Gingival fluid (crevicular fluid) is blood plasma transudate which found in gingival sulcus due to the leaky plasma from blood capilary at free gingival (Harty & Ogston, 1995). Increase in volume of gingival fluid indicated gingival diseases (Roth dan Calmes, 1981). The aims of this study were to make the students understand the procedure of taking and measuring the volume of gingival fluid by using intrasulcular procedure. The oral cavity were isolated by cotton roll and dried by cotton.
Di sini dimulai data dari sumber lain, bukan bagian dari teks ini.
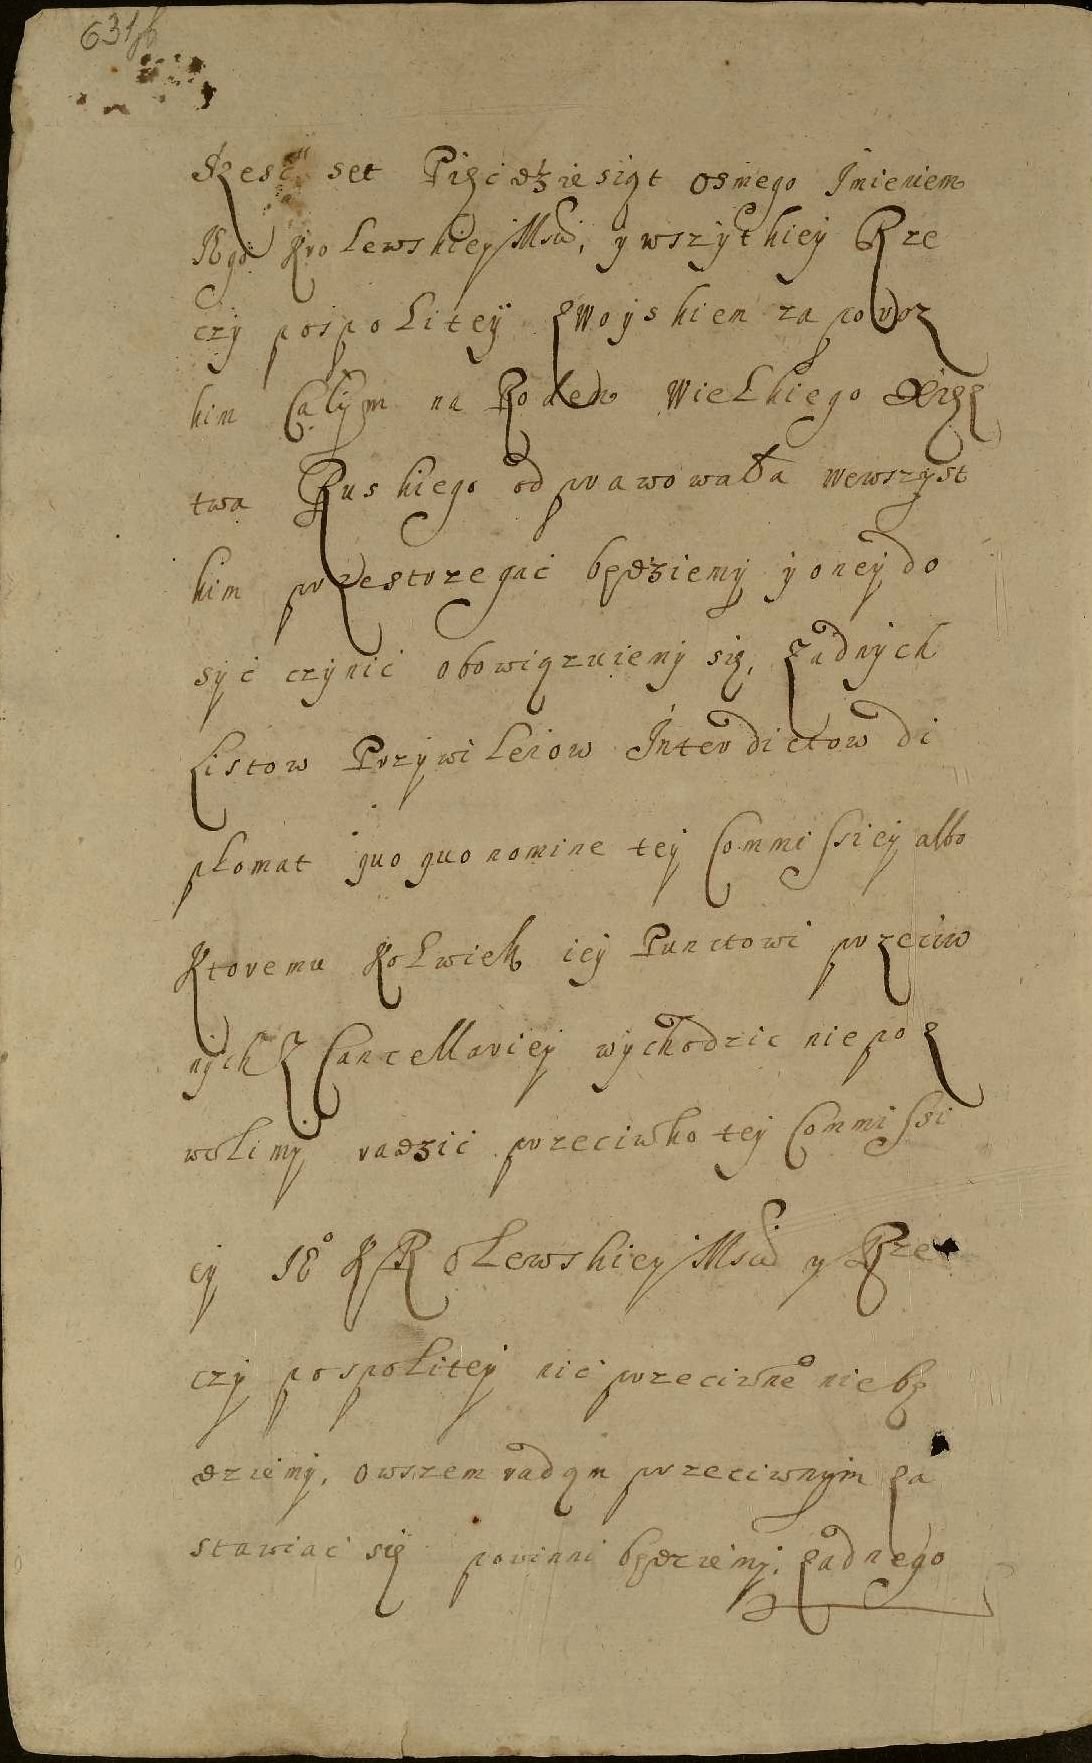 Присяги польського короля Яна-Казимира і сенаторів від 10 червня 1659 р. у Варшаві про затвердження Гадяцького договору 1658 р. (перший етап ратифікації). 23 червня 1659 р.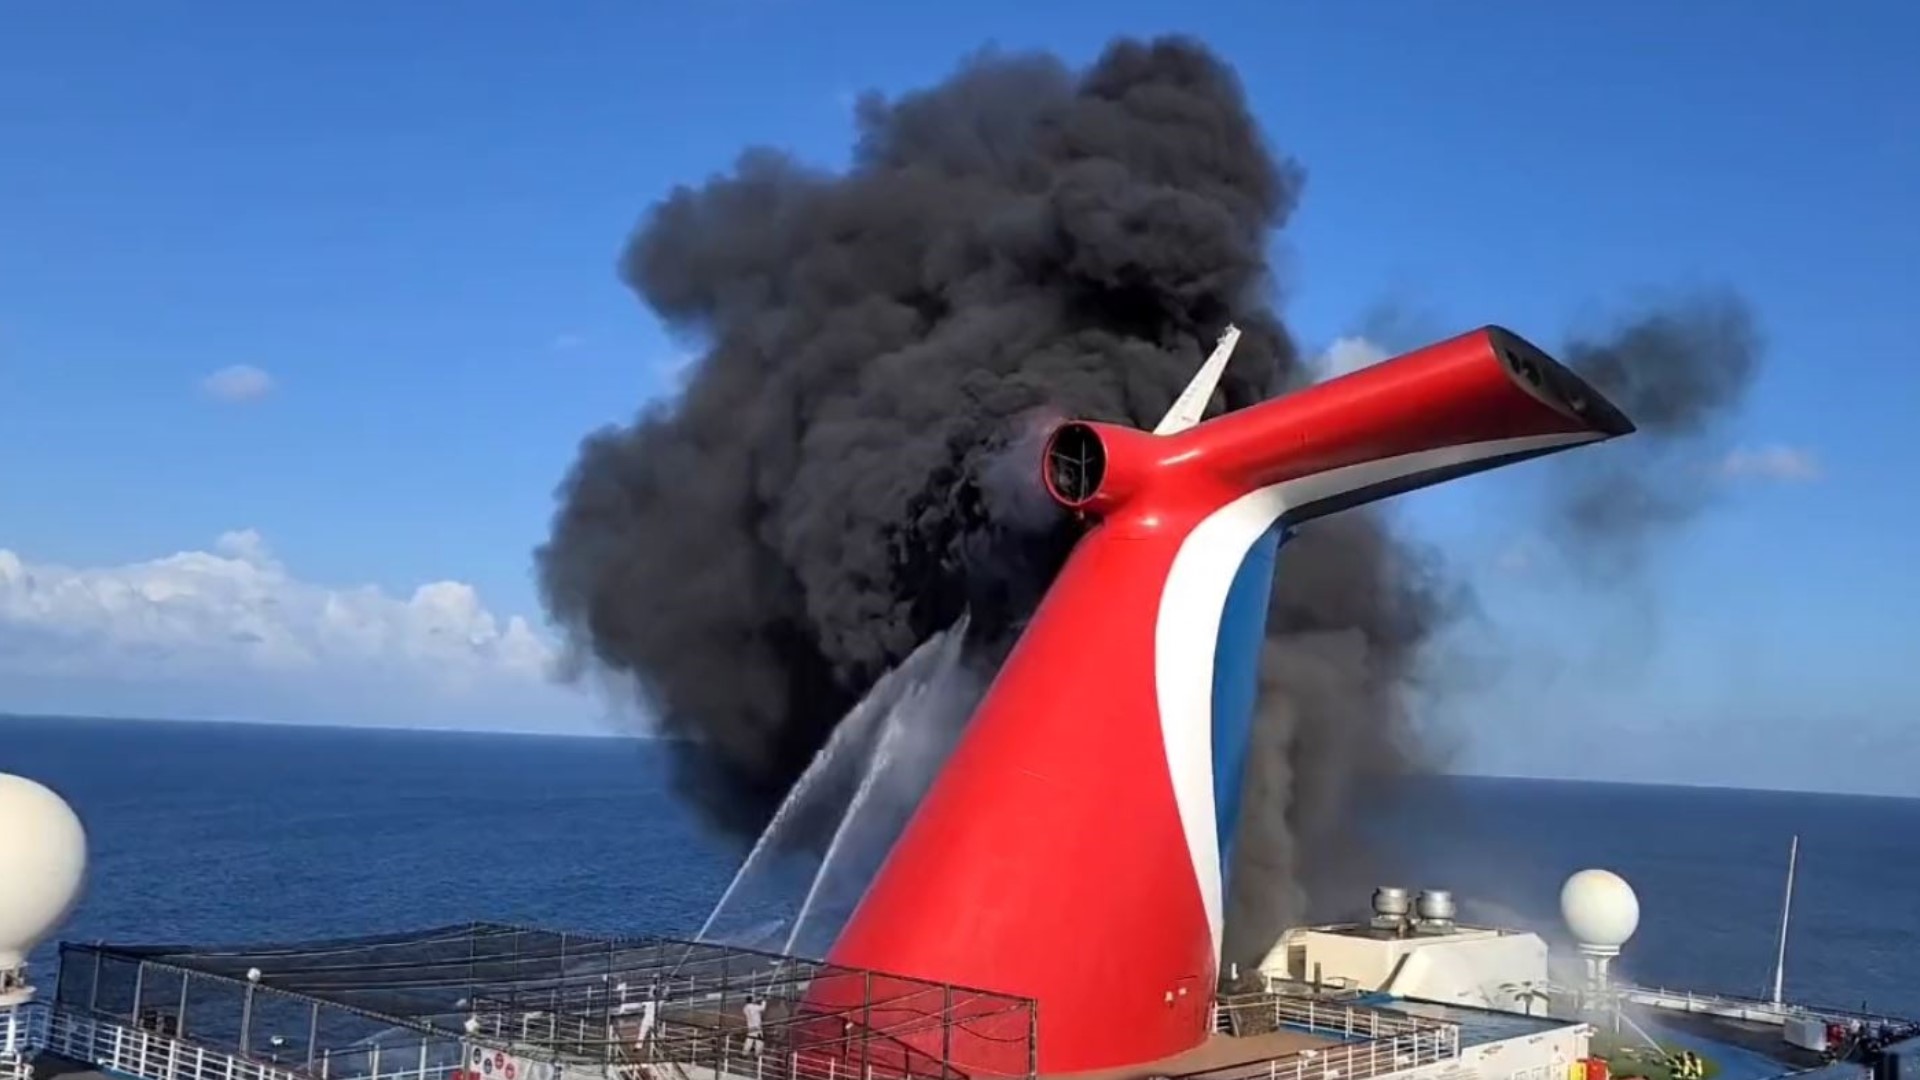 carnival cruise ship fire

Then put a tissue paper to the sulcus. Three minutes after, the tissue paper were taken and gave a drop of ninhydrin 2% liquid over it. The change of color of tissue paper were measured with sliding caliper and the data were analized. All of tissue paper weren’t gave any change color. It can be the result of healty gingiva, unstimulated gingival fluid, and uncorrect applying of tissue paper.

Kata Kunci : cairan gingiva, sulcus gingiva, intrasulkuler

PENDAHULUAN

Gingival fluid (crevicular fluid) adalah transudat plasma darah yang ditemukan di sulkus gingiva akibat kebocoran plasma dari kapiler-kapiler darah di gingiva bebas (Harty & Ogston, 1995). Selain IgG, IgA dan IgM, beberapa komponen komplemen C3, C4, C5 dan proaktivator C3 telah ditemukan dalam cairan sulkus gingiva. IgG dalam cairan krevikuler berisi antibodi spesifik terhadap sejumlah jasad renik oral (misalnya S. mutans dan B. gingivalis). Terdapat sejumlah komponen lainnya dalam cairan krevikuler, termasuk albumin, transferin, haptoglobin, glikoprotein dan lipoprotein yang fungsinya belum diketahui (Lehner, 1995). Sumber lain menjelaskan bahwa dalam cairan gingiva juga terdapat asam amino, protein plasma seperti α1, α2, β dan  γ globulin, elektrolit, sistem fibrinolitik, dan material sel (Humprey and Williamson, 2001).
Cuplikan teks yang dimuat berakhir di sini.